ASSIGNMENT: Quote, exactly, the line holding "Close-up portrait of" and all lines after it to the end of the records below. Exclude pictures.
------------------------------------------------
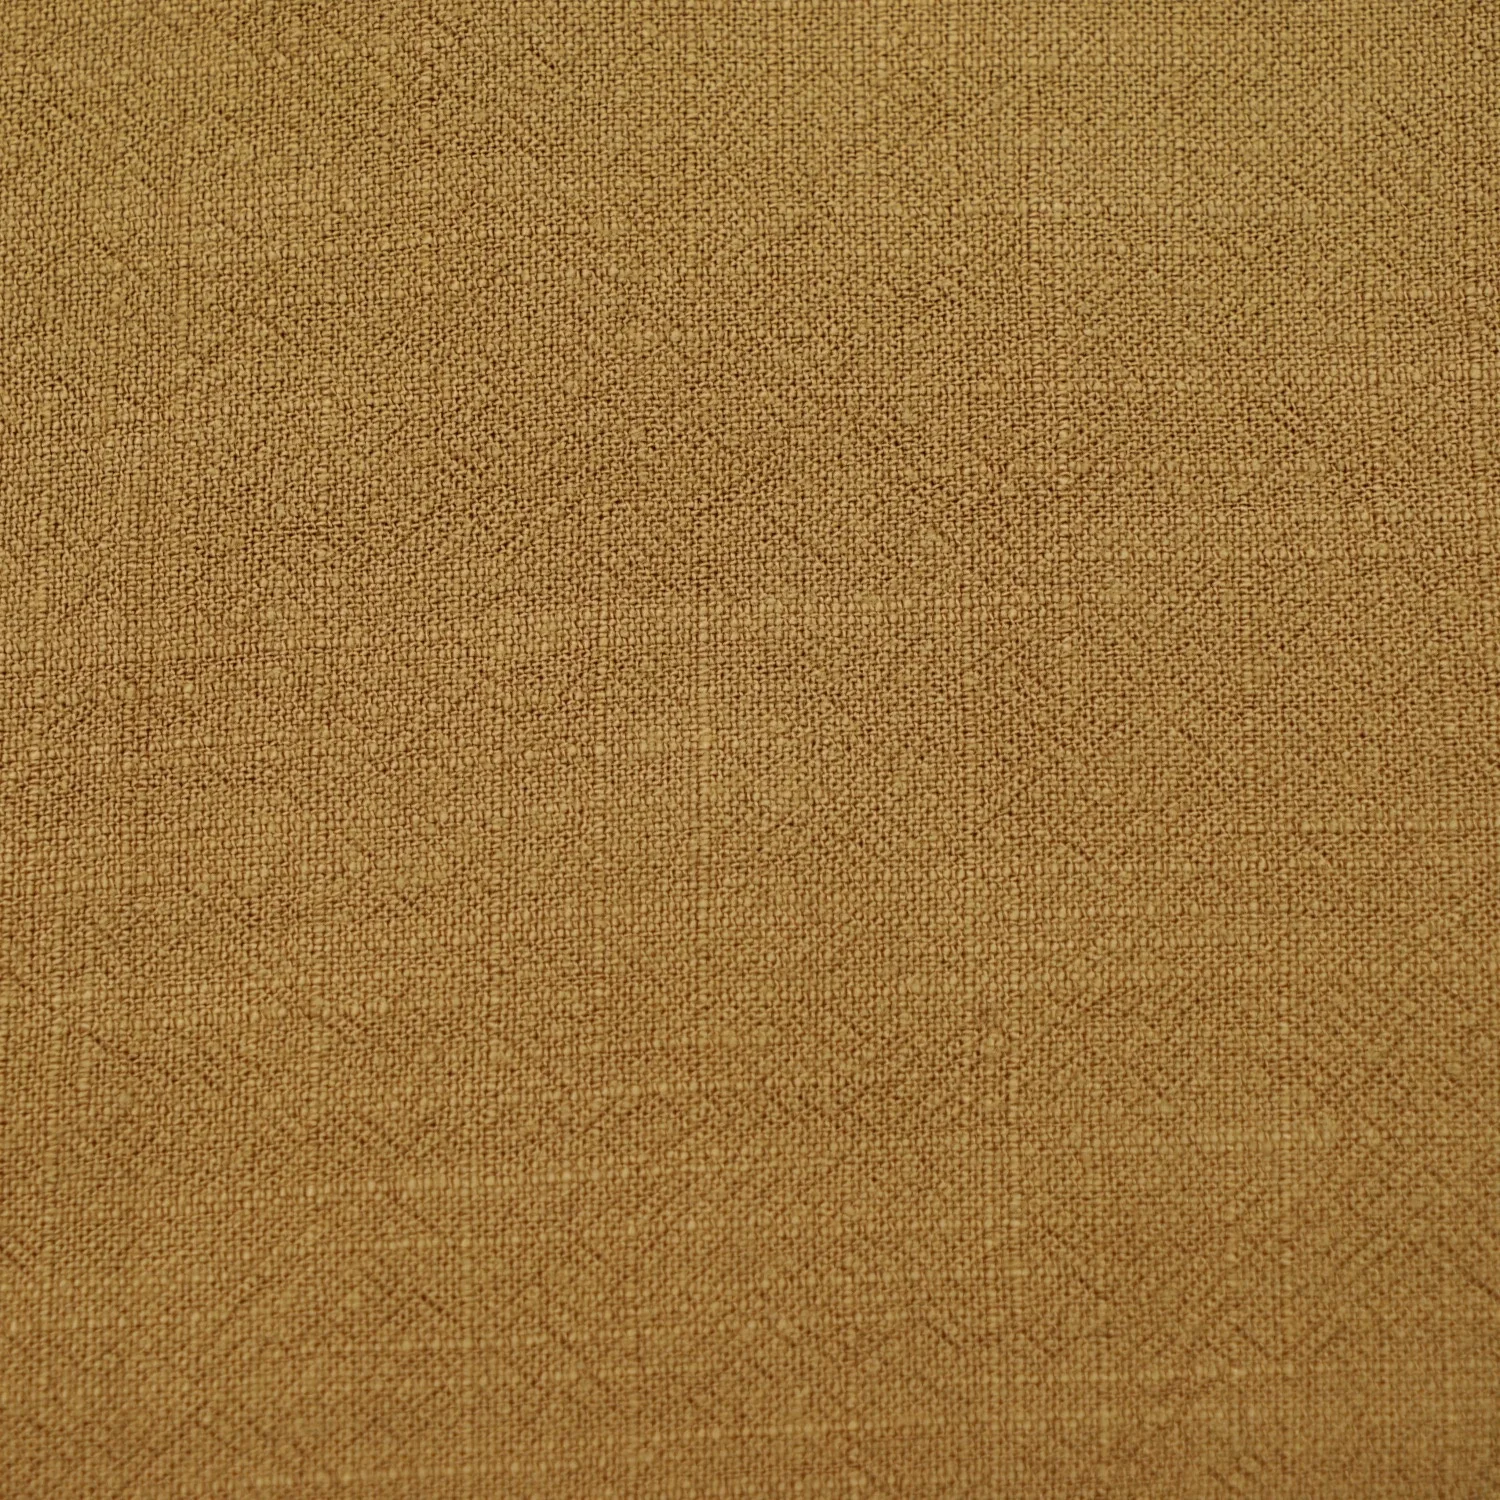 
Slubbed Pattern Weave Stonewashed Linen With Creased Crinkled Effect Linen Viscose Clothing Fabrics With Stone Washing Treatment 
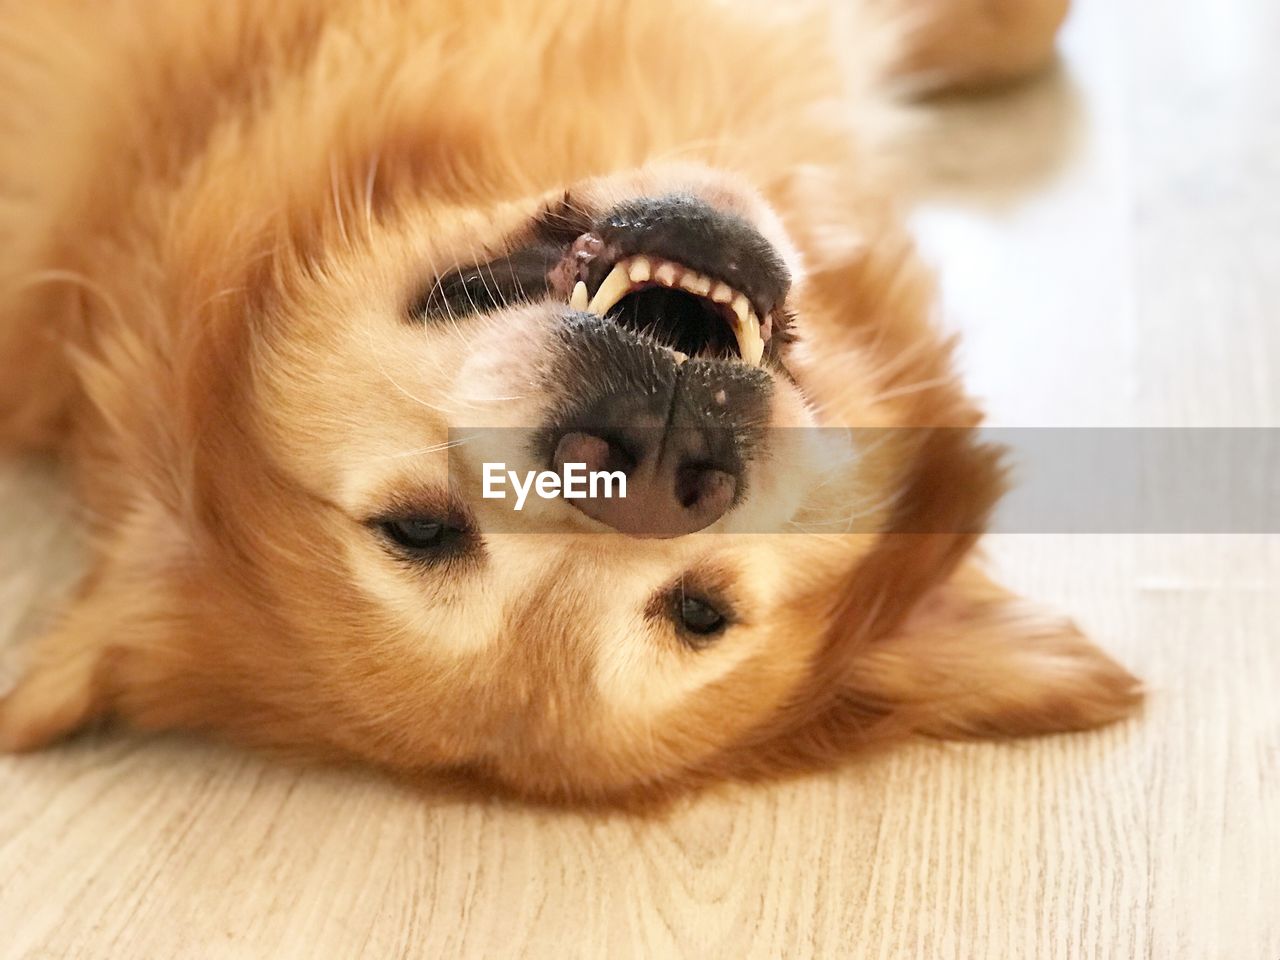 Close-up portrait of dog sleeping on parquet floor
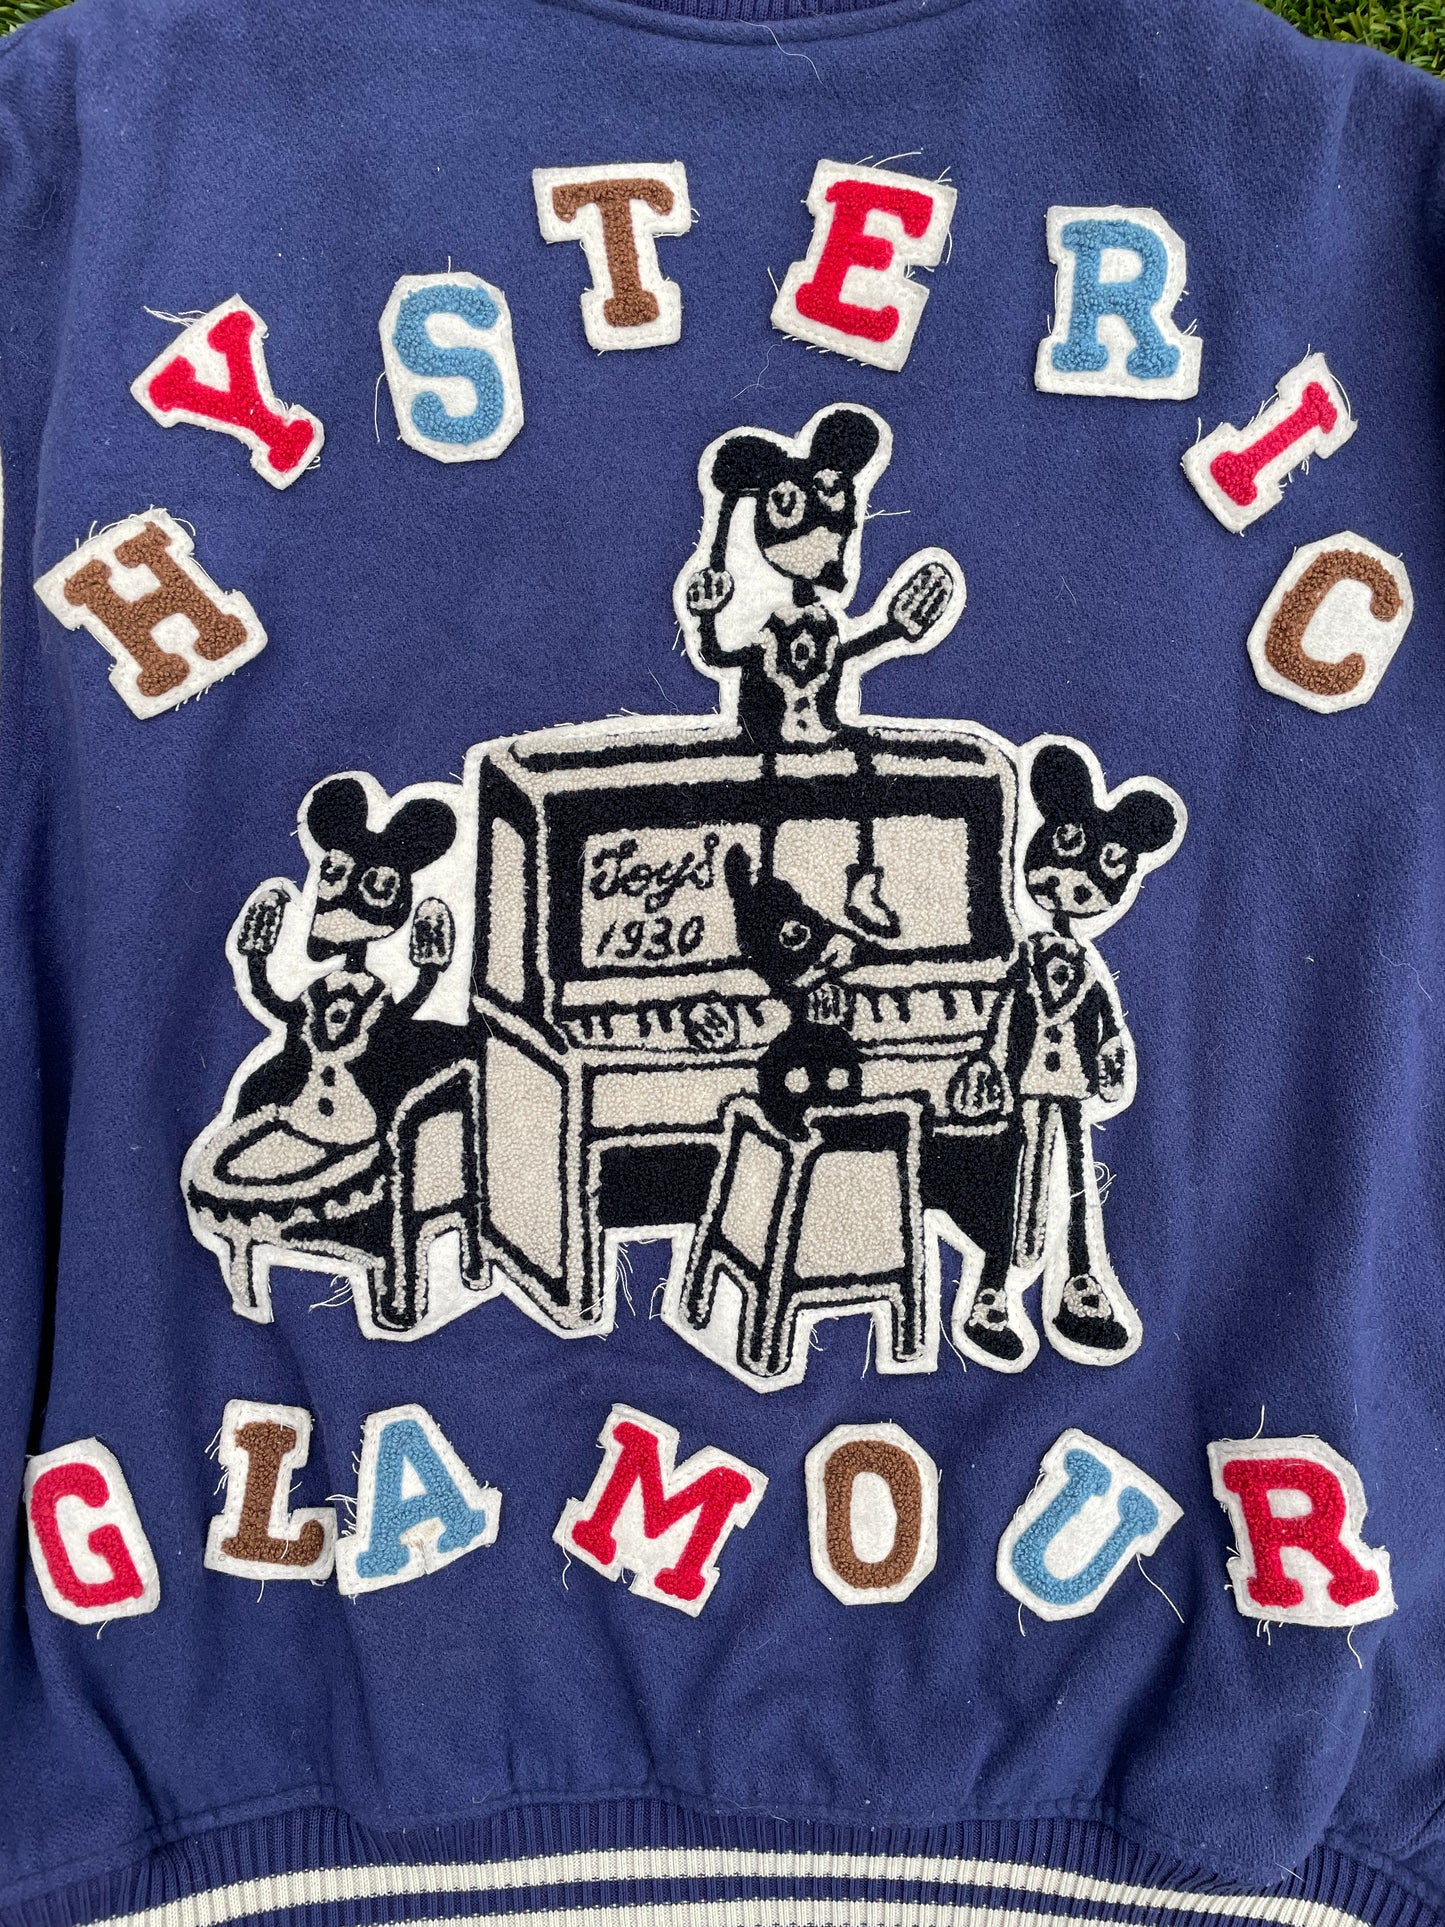 1980s Hysteric Glamour Louis Marx ‘Toys’ Varsity Jacket
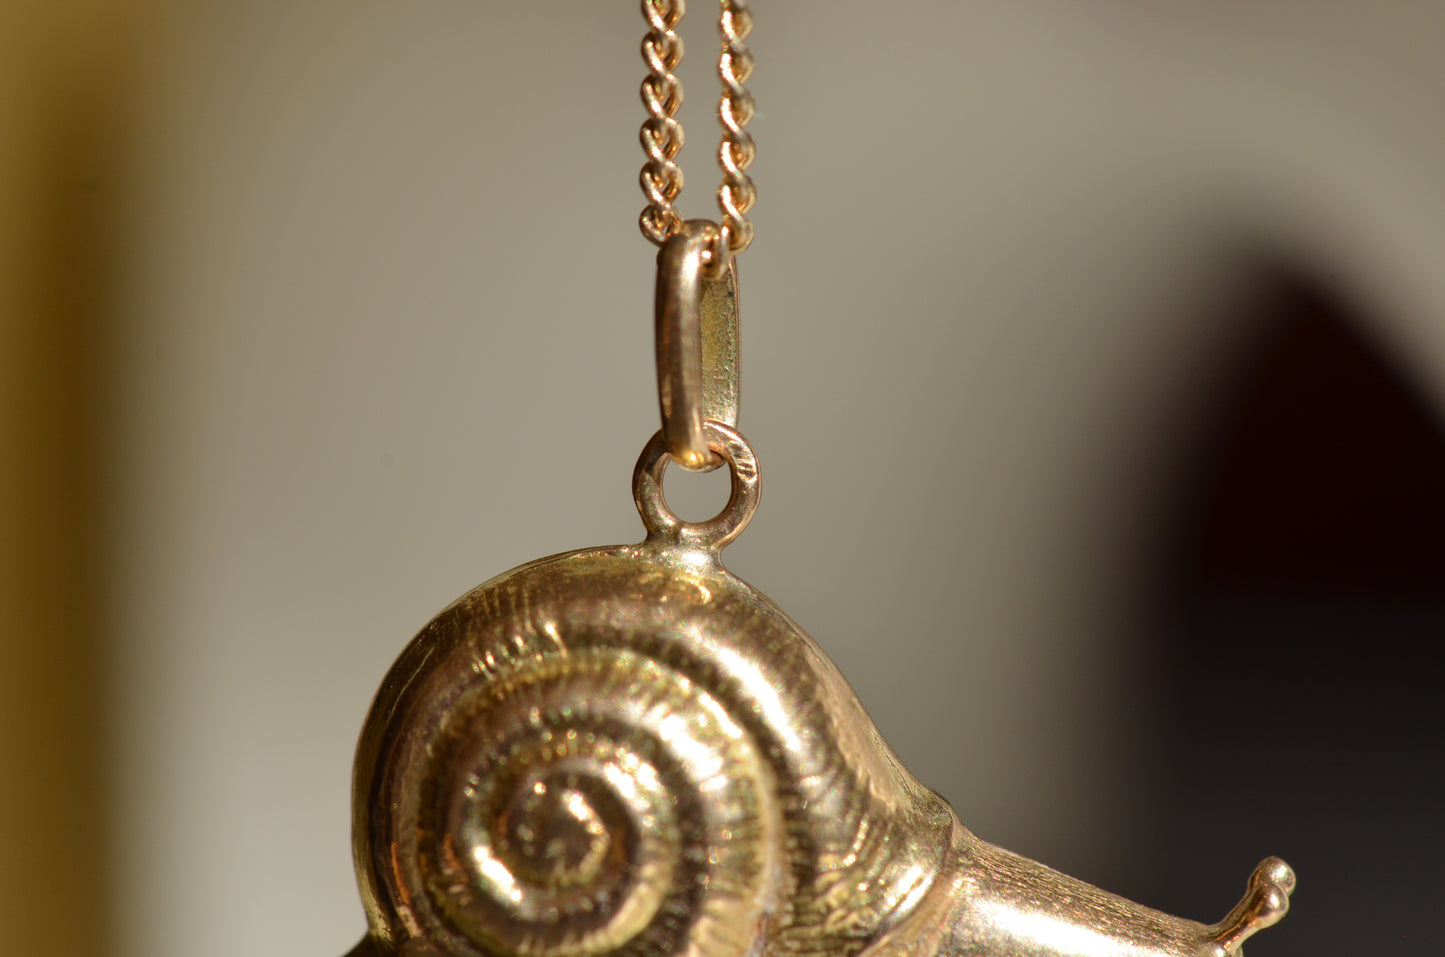 Charming Vintage Snail Pendant
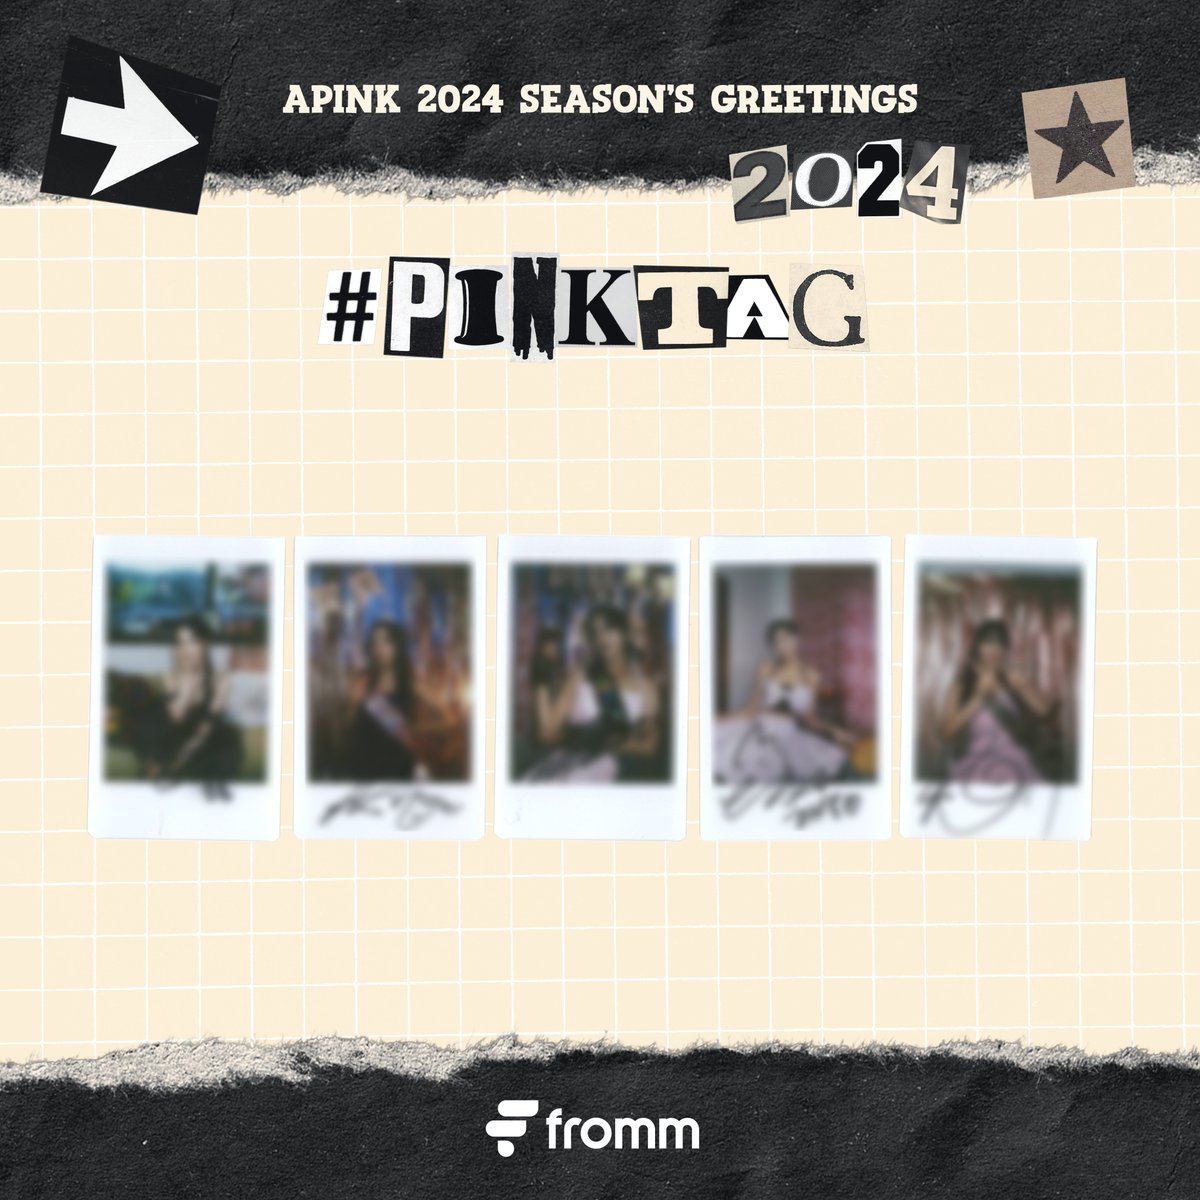 Apink 2024 Season’s Greetings [#PINKTAG] PHOTO EVENT✨

🔗bitly.ws/ZUUy

🎟미공개 포토카드 5종 중 1종 (볼하트 Ver.) 랜덤 증정
🎟30명 사인 폴라로이드 랜덤 증정

📆~ 11.24 23:59 (KST)

#Apink #에이핑크 #PINKTAG
@Apink_2011
------------------------------------------------
SOLUTION BELOW:
 Close-up portrait of dog sleeping on parquet floor
 1980s Hysteric Glamour Louis Marx ‘Toys’ Varsity Jacket
 Charming Vintage Snail Pendant
 Apink 2024 Season’s Greetings [#PINKTAG] PHOTO EVENT✨

🔗bitly.ws/ZUUy

🎟미공개 포토카드 5종 중 1종 (볼하트 Ver.) 랜덤 증정
🎟30명 사인 폴라로이드 랜덤 증정

📆~ 11.24 23:59 (KST)

#Apink #에이핑크 #PINKTAG
@Apink_2011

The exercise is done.